Below is the plan excluding and news_items.publish_time < '2024-02-26T23:01:00.000Z'

"Limit  (cost=320.89..698.43 rows=100 width=40) (actual time=1.031..1.259 rows=1 loops=1)"
"  Output: ((news_items_embedding.embedding_open_ai_large <=> '[-0.048431396,...]'::halfvec)), news_items.id, news_items.verified_state, news_items.source_name, news_items.publish_time"
"  Buffers: shared hit=838"
"  ->  Nested Loop  (cost=320.89..5074.20 rows=1259 width=40) (actual time=1.030..1.258 rows=1 loops=1)"

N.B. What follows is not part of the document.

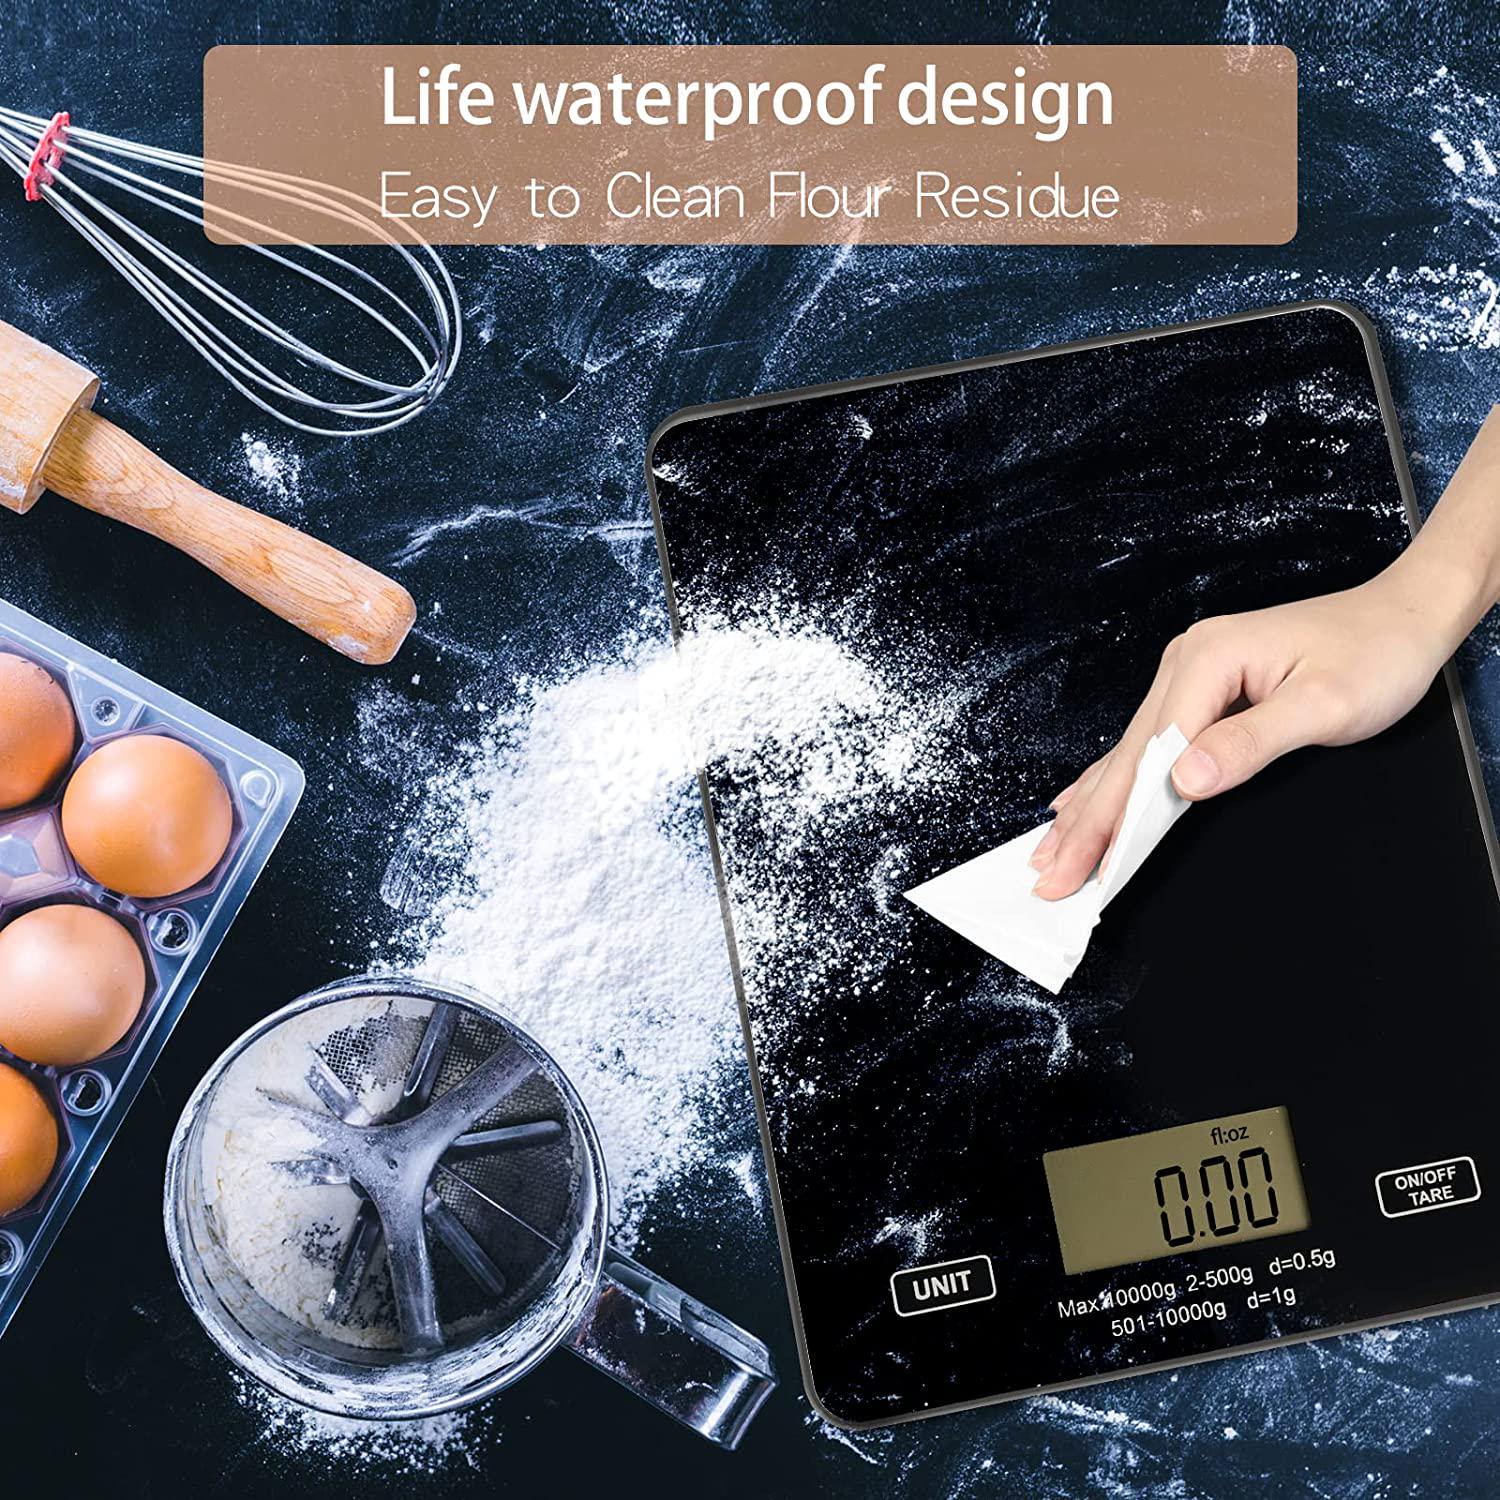 Rubruel, Kitchen Scale Digital Food Scale 10kg/22lb-USB Charging with Waterproof Tempered Glass Platform for Weight Loss Cooking and Coffee with LCD Display High Accuracy (Black)

"        Output: (news_items_embedding.embedding_open_ai_large <=> '[-0.048431396,...]'::halfvec), news_items.id, news_items.verified_state, news_items.source_name, news_items.publish_time"
"        Inner Unique: true"
"        Buffers: shared hit=838"
"        ->  Index Scan using news_items_embedding_embedding_open_ai_large_idx on public.news_items_embedding  (cost=320.60..748.90 rows=3207 width=22) (actual time=1.020..1.245 rows=2 loops=1)"

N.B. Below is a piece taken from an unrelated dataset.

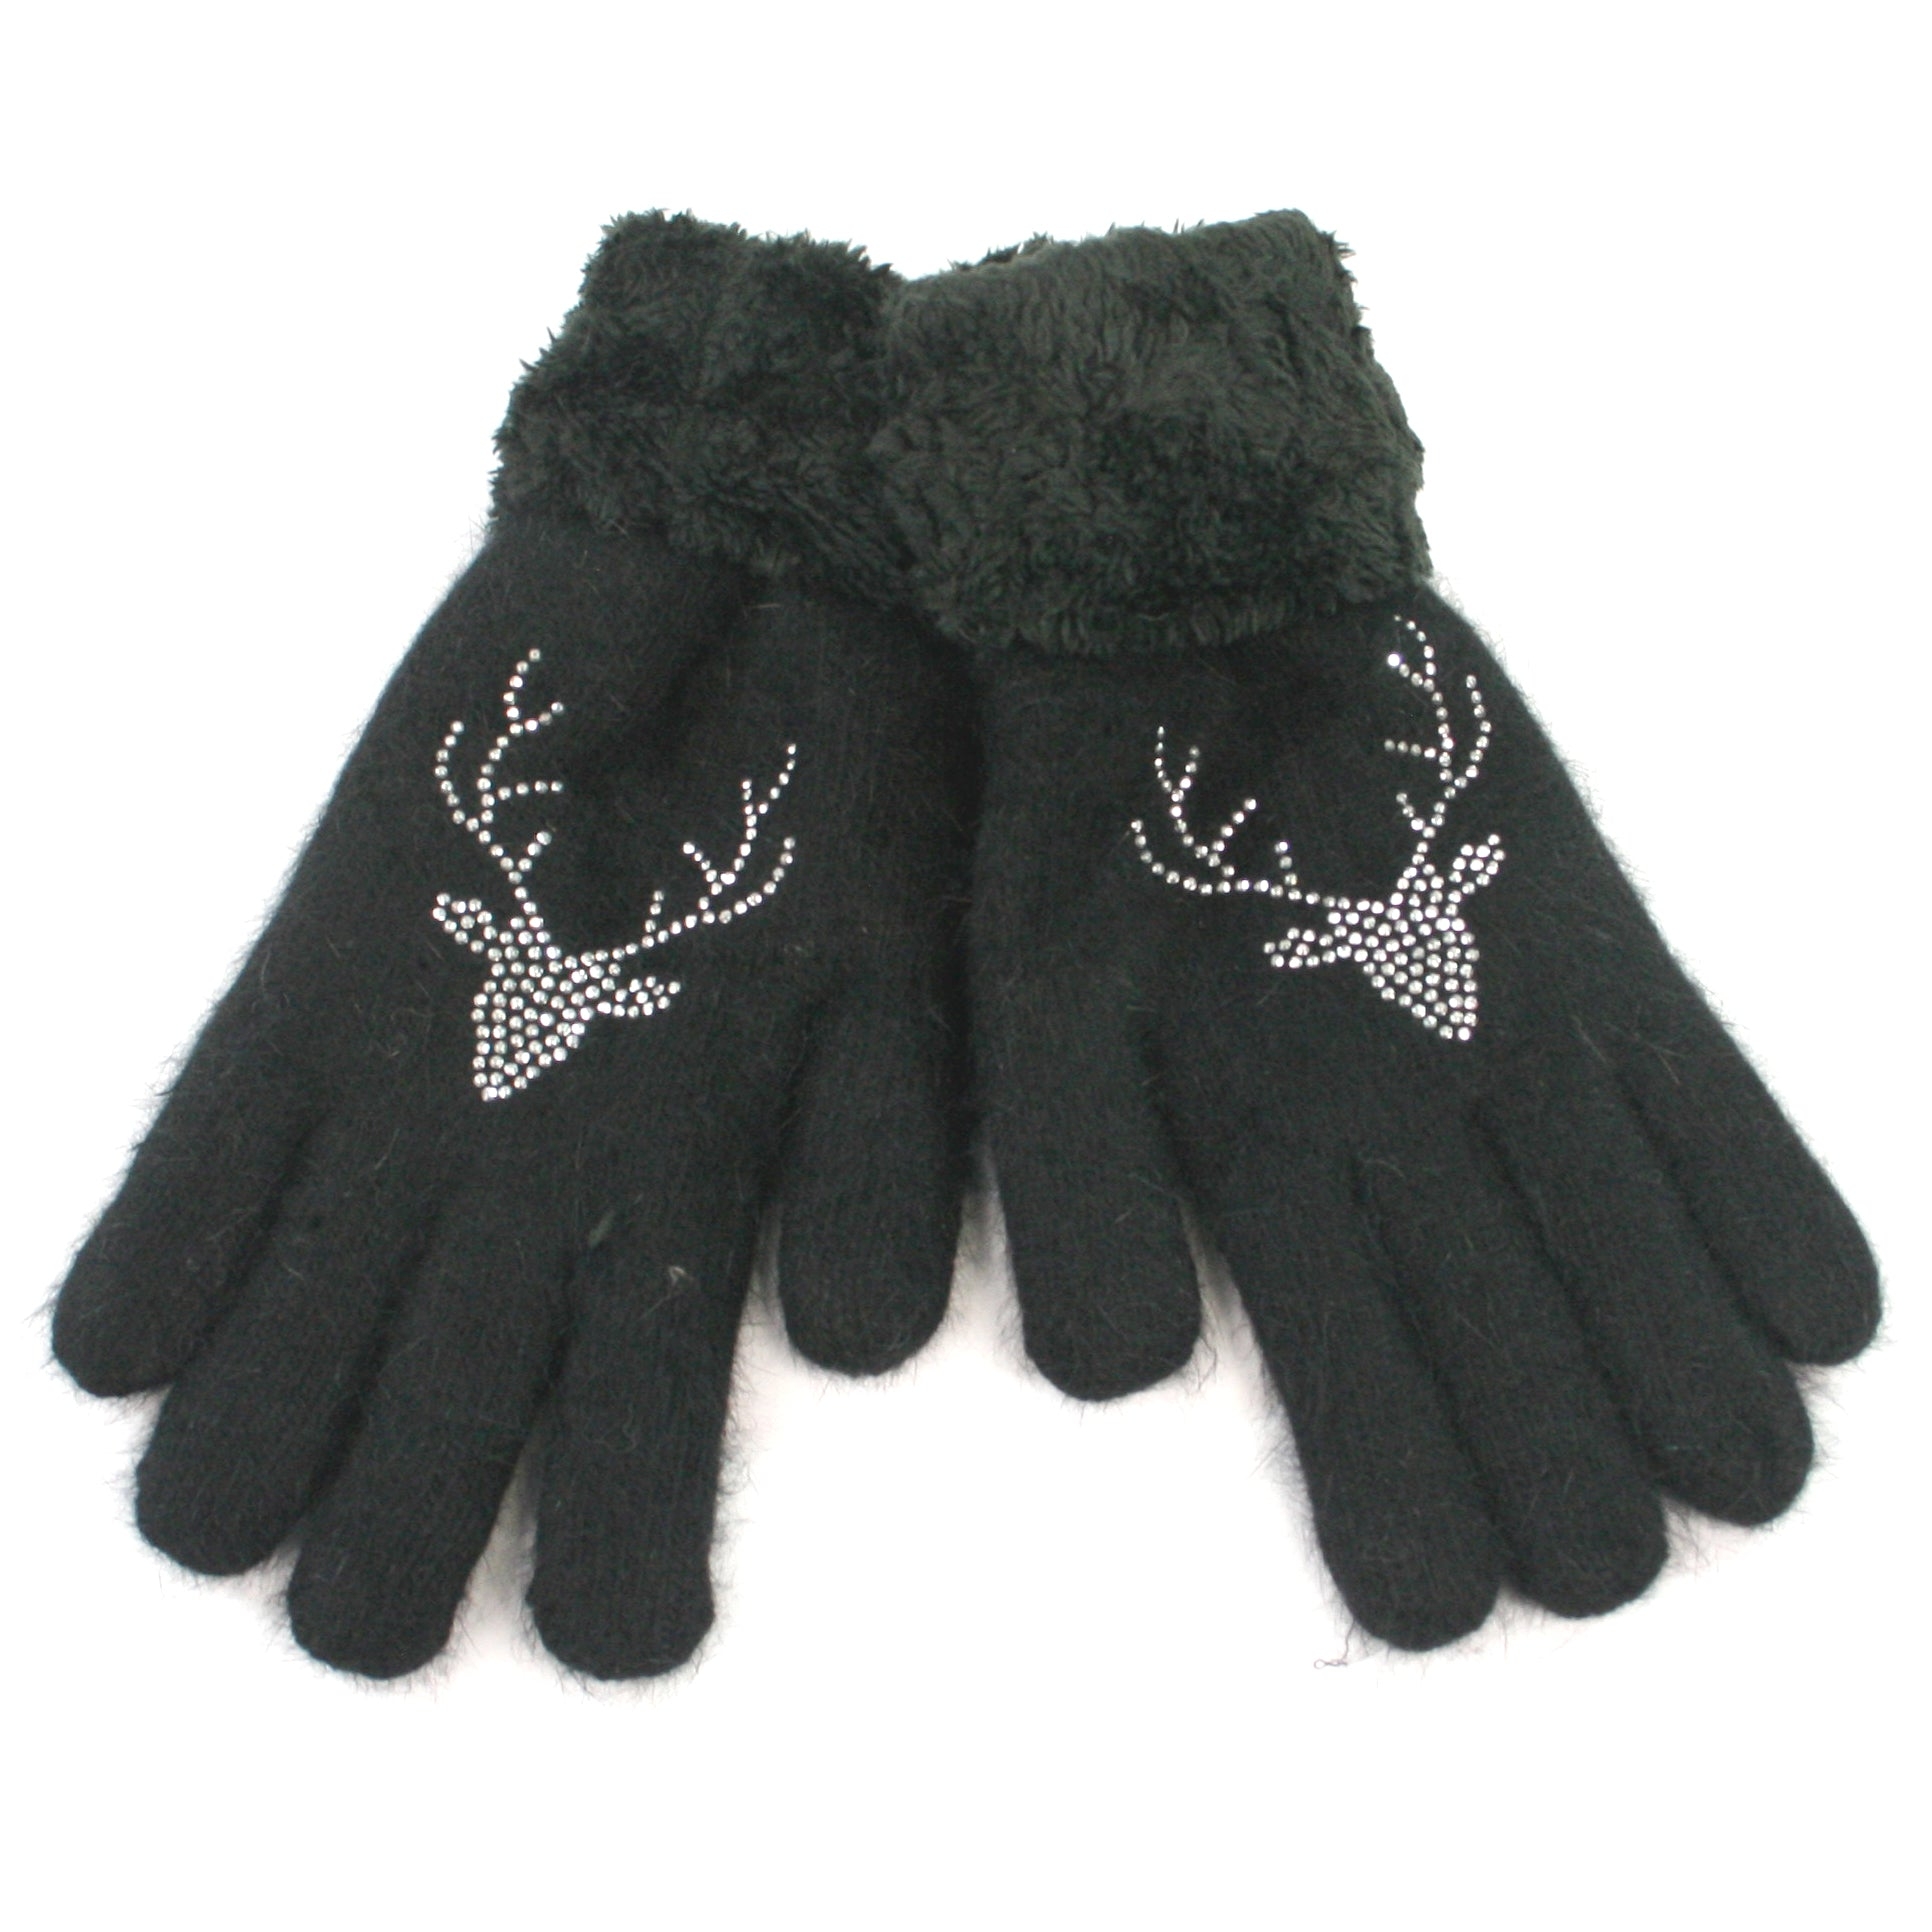 Fluffy Stag Gloves with Faux Fur Lining Black – The Scarf Giraffe

"              Output: news_items_embedding.id, news_items_embedding.embedding_open_ai_large"
"              Order By: (news_items_embedding.embedding_open_ai_large <=> '[-0.048431396,...]'::halfvec)"
"              Filter: ((news_items_embedding.embedding_open_ai_large <=> '[-0.048431396,...]'::halfvec) < '0.19999999999999996'::double precision)"
"              Rows Removed by Filter: 38"
"              Buffers: shared hit=829"
"        ->  Index Scan using news_items_pkey on public.news_items  (cost=0.29..1.35 rows=1 width=32) (actual time=0.003..0.003 rows=0 loops=2)"
"              Output: news_items.id, news_items.url, news_items.s3_image_path, news_items.s3_image_format, news_items.s3_image_width, news_items.s3_image_height, news_items.publish_time, news_items.verified_time, news_items.ai_title, news_items.ai_summary_short, news_items.verified_state, news_items.tag_time, news_items.sentiment, news_items.last_click_time, news_items.newsletter_referrals, news_items.website_referrals, news_items.popularity, news_items.source_name, news_items.tags, news_items.region_tags, news_items.reject_tags, news_items.news_industries, news_items.business_categories"
"              Index Cond: (news_items.id = news_items_embedding.id)"
"              Filter: ((news_items.publish_time >= '2024-02-12 23:01:00+00'::timestamp with time zone) AND (news_items.verified_state >= 1))"
"              Rows Removed by Filter: 0"
"              Buffers: shared hit=6"
"Planning:"
"  Buffers: shared hit=15"
"Planning Time: 0.187 ms"
"Execution Time: 1.279 ms"

Below in the plan including and news_items.publish_time < '2024-02-26T23:01:00.000Z'

"Limit  (cost=726.45..726.70 rows=100 width=40) (actual time=35.176..35.182 rows=1 loops=1)"
"  Output: ((news_items_embedding.embedding_open_ai_large <=> '[-0.048431396,...]'::halfvec)), news_items.id, news_items.verified_state, news_items.source_name, news_items.publish_time"
"  Buffers: shared hit=30663"
"  ->  Sort  (cost=726.45..726.70 rows=103 width=40) (actual time=35.175..35.181 rows=1 loops=1)"
"        Output: ((news_items_embedding.embedding_open_ai_large <=> '[-0.048431396,...]'::halfvec)), news_items.id, news_items.verified_state, news_items.source_name, news_items.publish_time"
"        Sort Key: ((news_items_embedding.embedding_open_ai_large <=> '[-0.048431396,...]'::halfvec))"
"        Sort Method: quicksort  Memory: 25kB"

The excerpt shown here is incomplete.